Os 10 animais do Grupo I foram mortos no sétimo dia após a cirurgia, os cateteres retirados e as peças coletadas com excisão ao redor de cada tubo. Os tubos foram abertos na linha de sutura e colocados em placas de papelão com a superfície cruenta voltada para baixo, deixando os retalhos fixados em formato retangular, sem que houvesse a necessidade de alfinetes. Com um paquímetro de precisão, obteve-se a medida da distância dos bordos da sutura, no centro da peça, transversalmente ao leito, o que foi considerado como circunferência do tubo. Após a mensuração, as peças estendidas no papelão foram identificadas e colocadas em frascos separados com solução de formalina a 10%.

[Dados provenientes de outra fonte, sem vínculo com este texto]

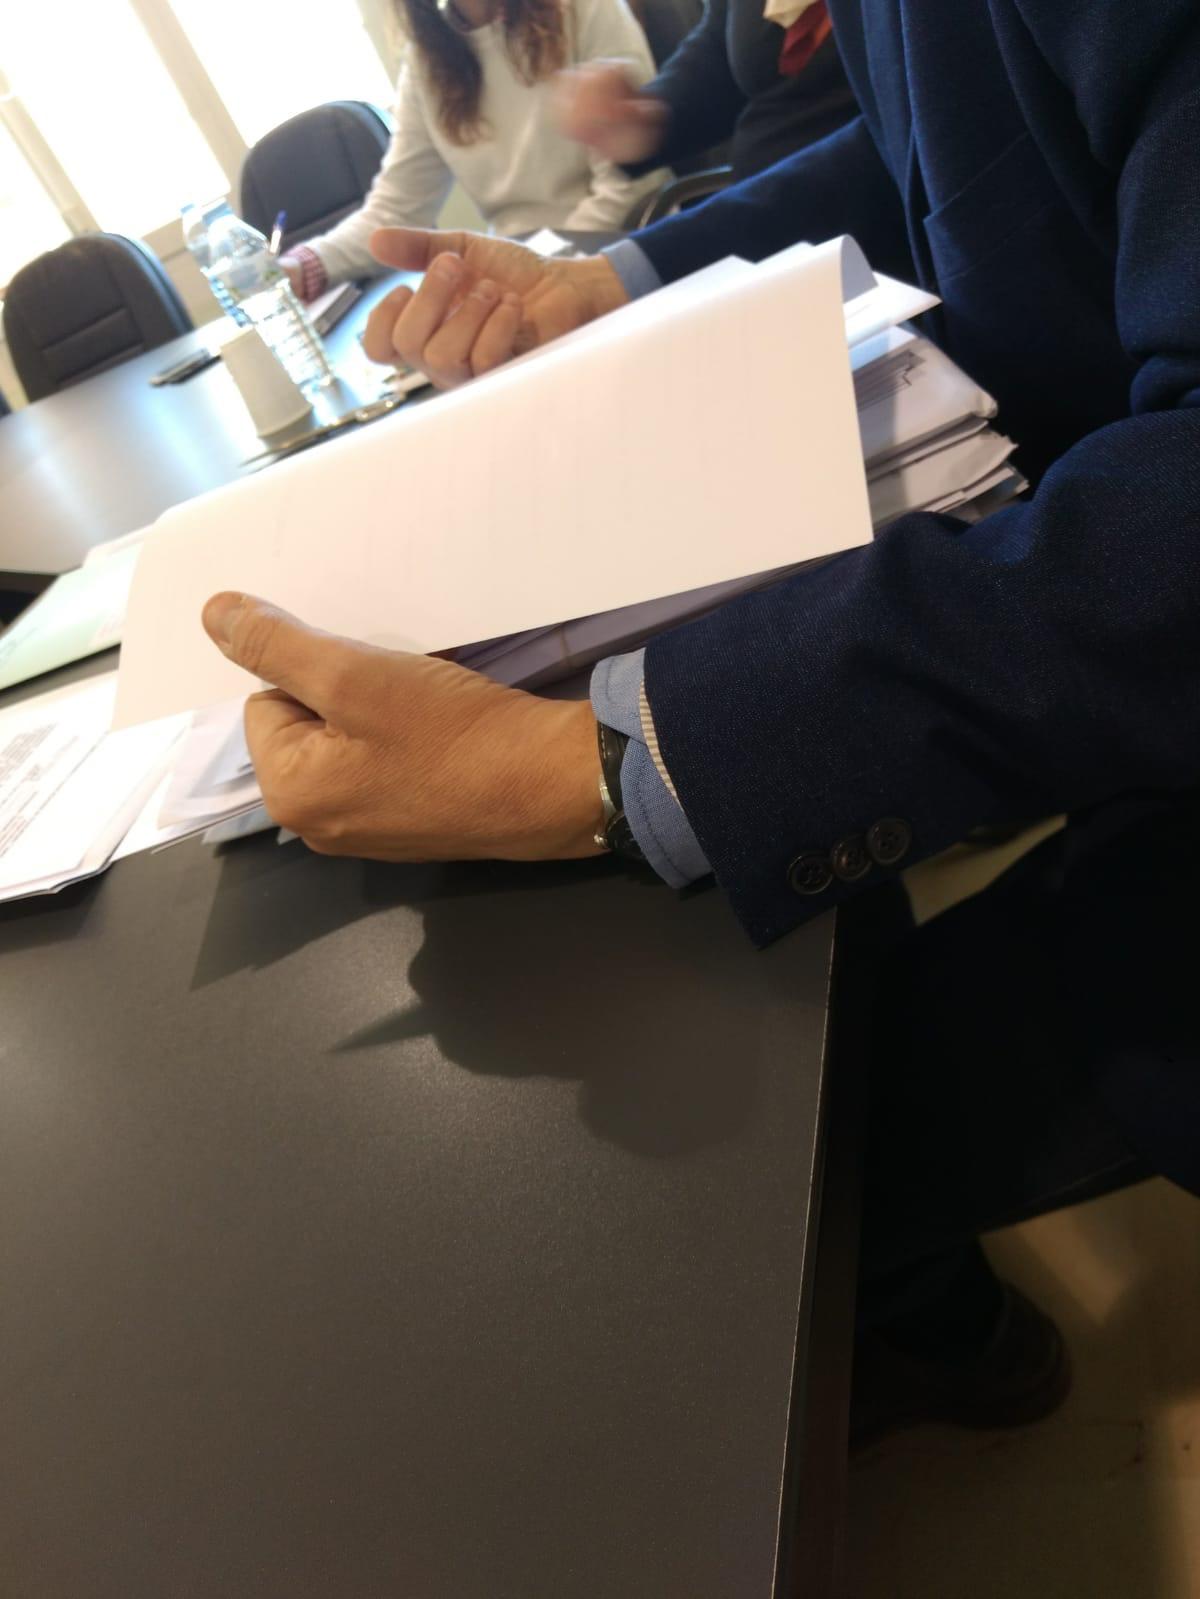 Avui s'ha reunit la Mesa de contractació per a la licitació del servei d'assessoria i gestoria laboral i fiscal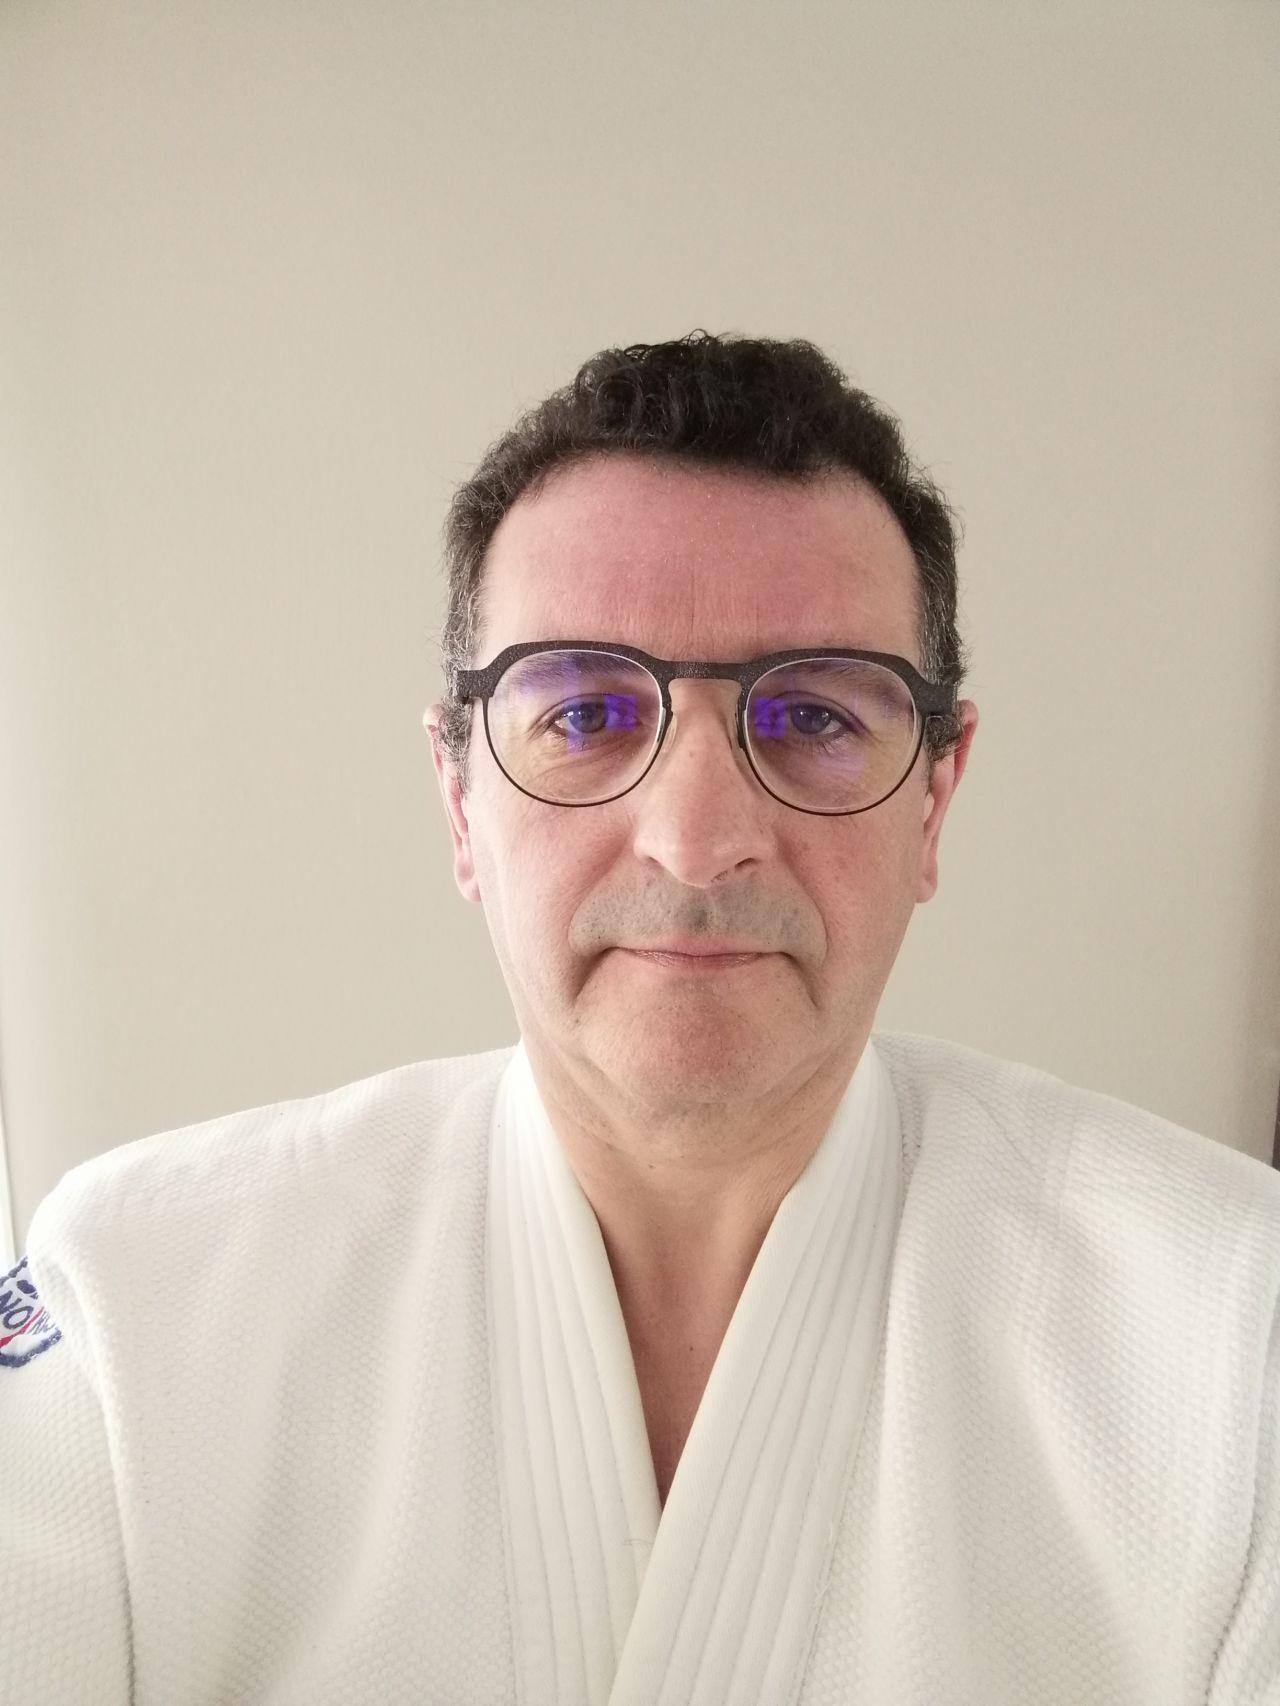 DUBILLE Didier

Os outros dez animais (Grupo II) foram anestesiados no sétimo dia após a cirurgia para a retirada dos cateteres. Os animais foram mantidos em gaiolas individuais e mortos no 21º dia após a cirurgia. Após a pesagem, foram coletadas as peças e preparadas da mesma forma como realizado no Grupo I.

Os cortes histológicos foram realizados na face seccionada para confecção das lâminas, preparados e corados com hematoxilina-eosina, picrosirius e tricrômico de Masson. Utilizou-se a coloração hematoxilina-eosina para a avaliação do processo inflamatório e da fibrose, enquanto o picrossirius e o tricrômico de Masson destinaram-se à avaliação da fibrose.

A análise histopatológica foi realizada por dois patologistas independentes, sem conhecimento da identificação das lâminas, que analisaram quanto à fibrose e ao processo inflamatório, com microscópio óptico (Olimpus CH30), e classificaram em sistema de cruzes, de zero a três, onde zero é tido como leve, uma e duas cruzes como moderado e três como acentuado.

Adotou-se nível de significância de 5% (p=0,05). Utilizou-se a planilha Excel® e o software Bioestat® para análise dos dados e o cálculo estatístico dos resultados obtidos no presente trabalho.

O peso e a circunferência do tubo, variáveis contínuas, foram comparados no momento da cirurgia e no dia do sacrifício do animal. Obtiveram-se média e desvio-padrão de cada variável. Foram utilizados o teste "t de Student", análise de variância e, para comparação de médias, duas a duas, o teste de Bonferroni.

Para comparar a concordância dos dados obtidos pela classificação em sistema de cruzes de cada patologista, utilizou- se o coeficiente de correlação (r) com avaliação qualitativa do grau de correlação entre duas variáveis, que é dito como nulo, fraco, regular, forte, muito forte ou pleno (Tabela 1).

Após essa comparação, as variáveis processo inflamatório e fibrose, categorizadas em leve, moderado e acentuado, foram analisadas e comparadas entre as situações GSC, GSIL e GPLA, e também entre os Grupos I e II, pelos testes de proporção Qui-quadrado e Exato de Fisher. Os mesmos testes foram utilizados para a comparação entre os dois patologistas.

RESULTADOS

A média e o desvio padrão das circunferências nas situações GSC, GSIL e GPLA, nos Grupos I e II, são apresentados na Tabela 2.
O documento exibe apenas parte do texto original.